■ **Activity**: Produce a verbatim copy of the data below that contains no pictures.

■ **Source data**:
......
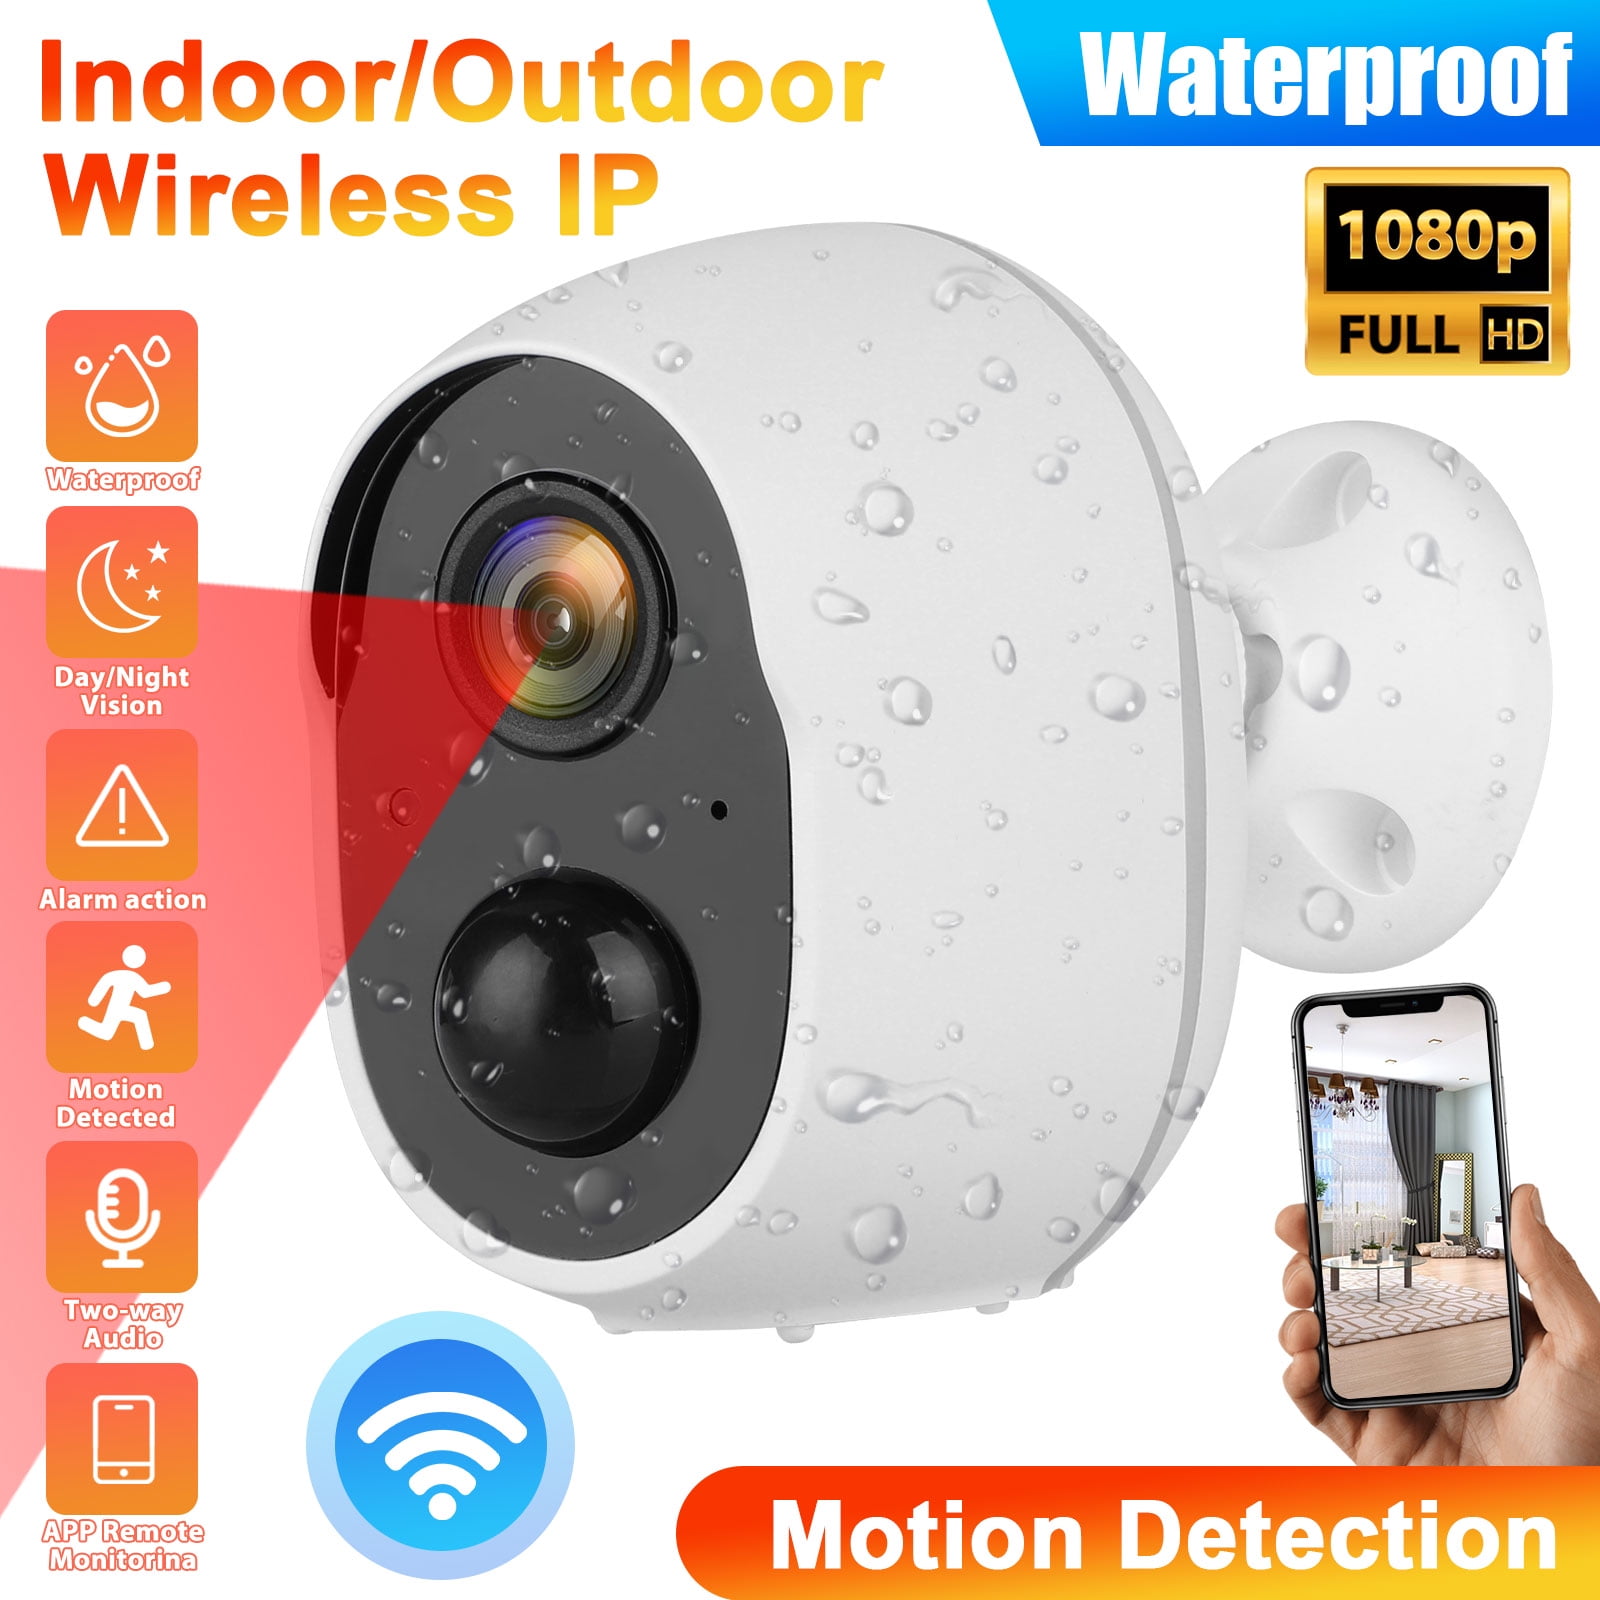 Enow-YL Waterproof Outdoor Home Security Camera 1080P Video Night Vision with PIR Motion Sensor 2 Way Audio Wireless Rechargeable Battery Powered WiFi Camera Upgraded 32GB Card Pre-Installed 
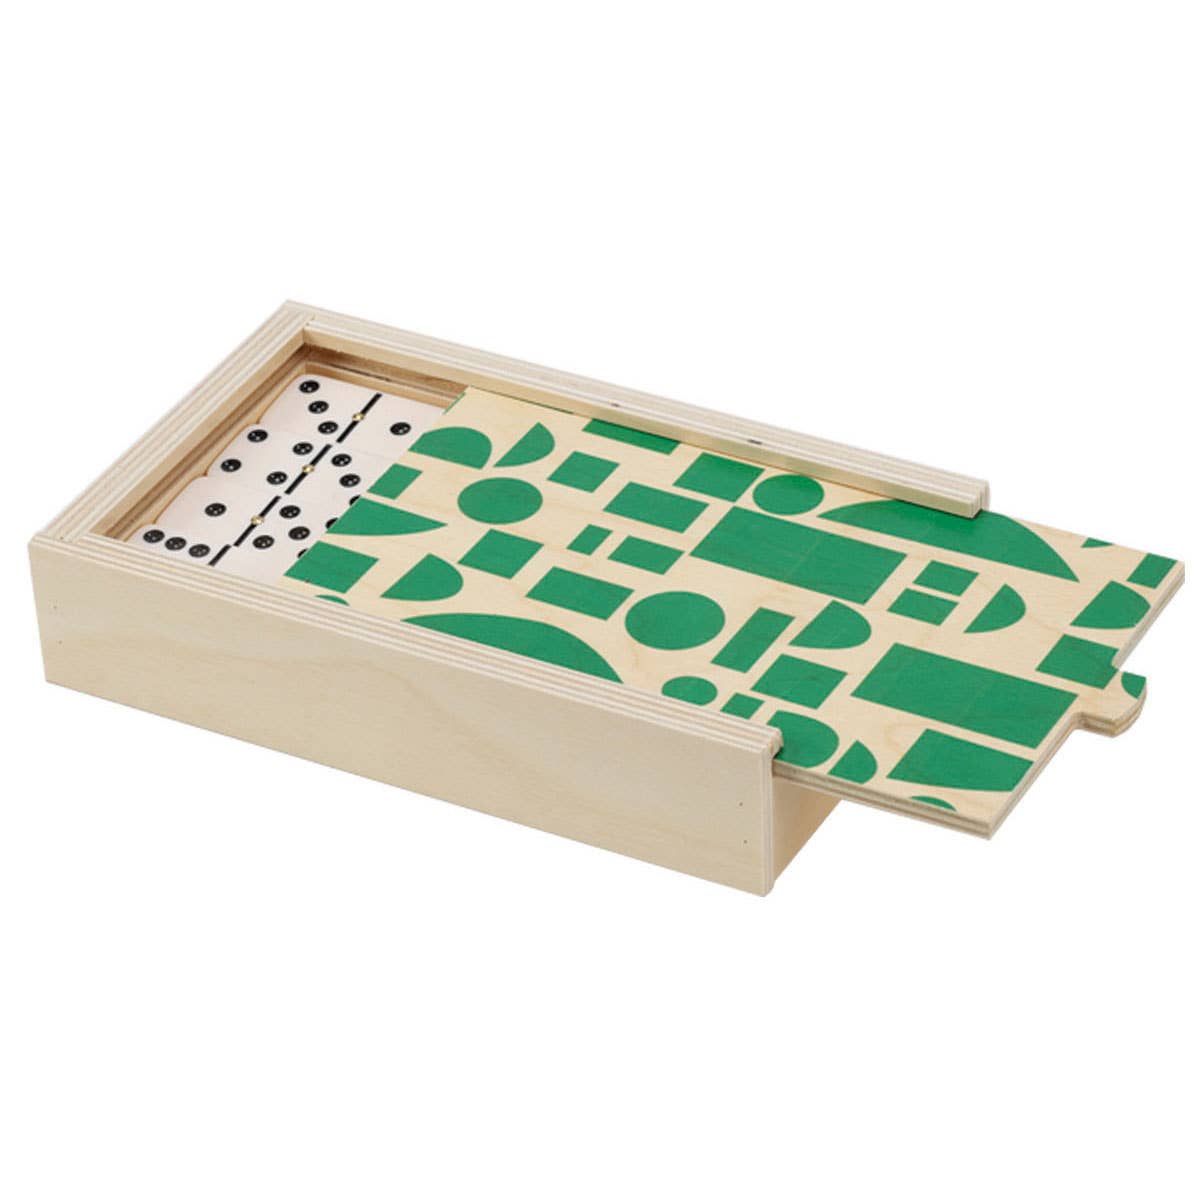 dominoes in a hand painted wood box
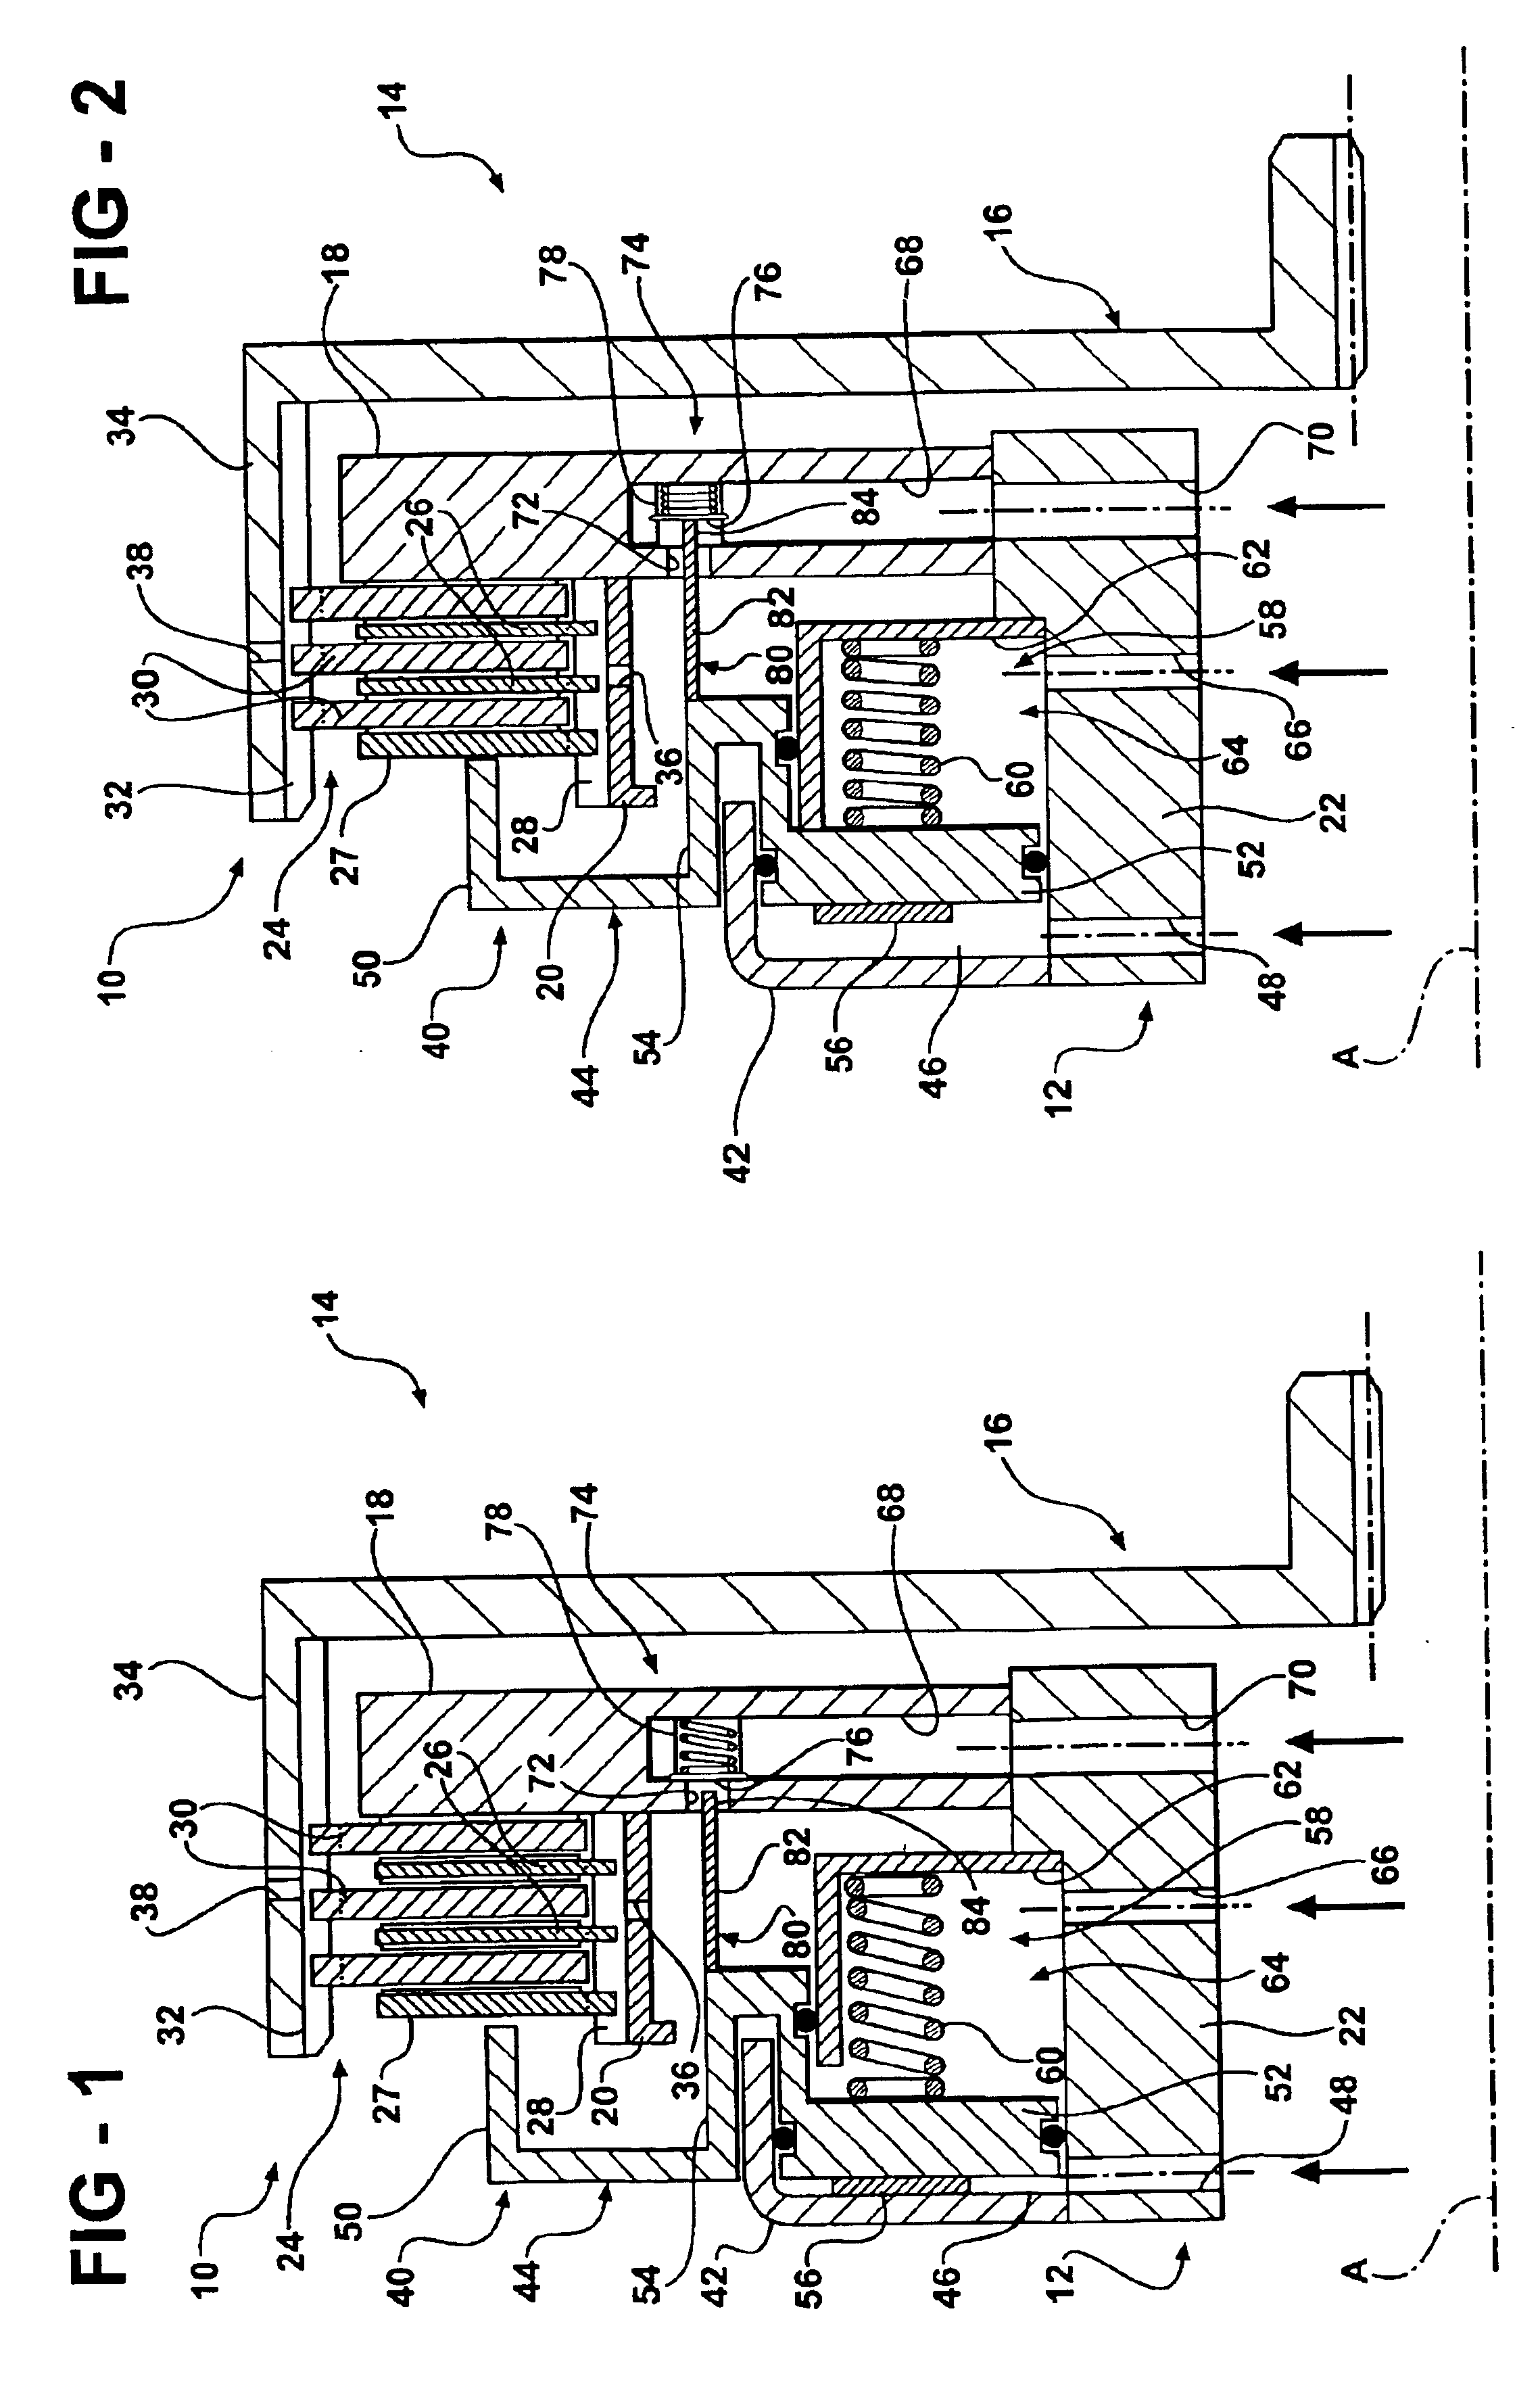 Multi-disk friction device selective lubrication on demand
......
■ **Written response**:
 Enow-YL Waterproof Outdoor Home Security Camera 1080P Video Night Vision with PIR Motion Sensor 2 Way Audio Wireless Rechargeable Battery Powered WiFi Camera Upgraded 32GB Card Pre-Installed 
 dominoes in a hand painted wood box
 Multi-disk friction device selective lubrication on demand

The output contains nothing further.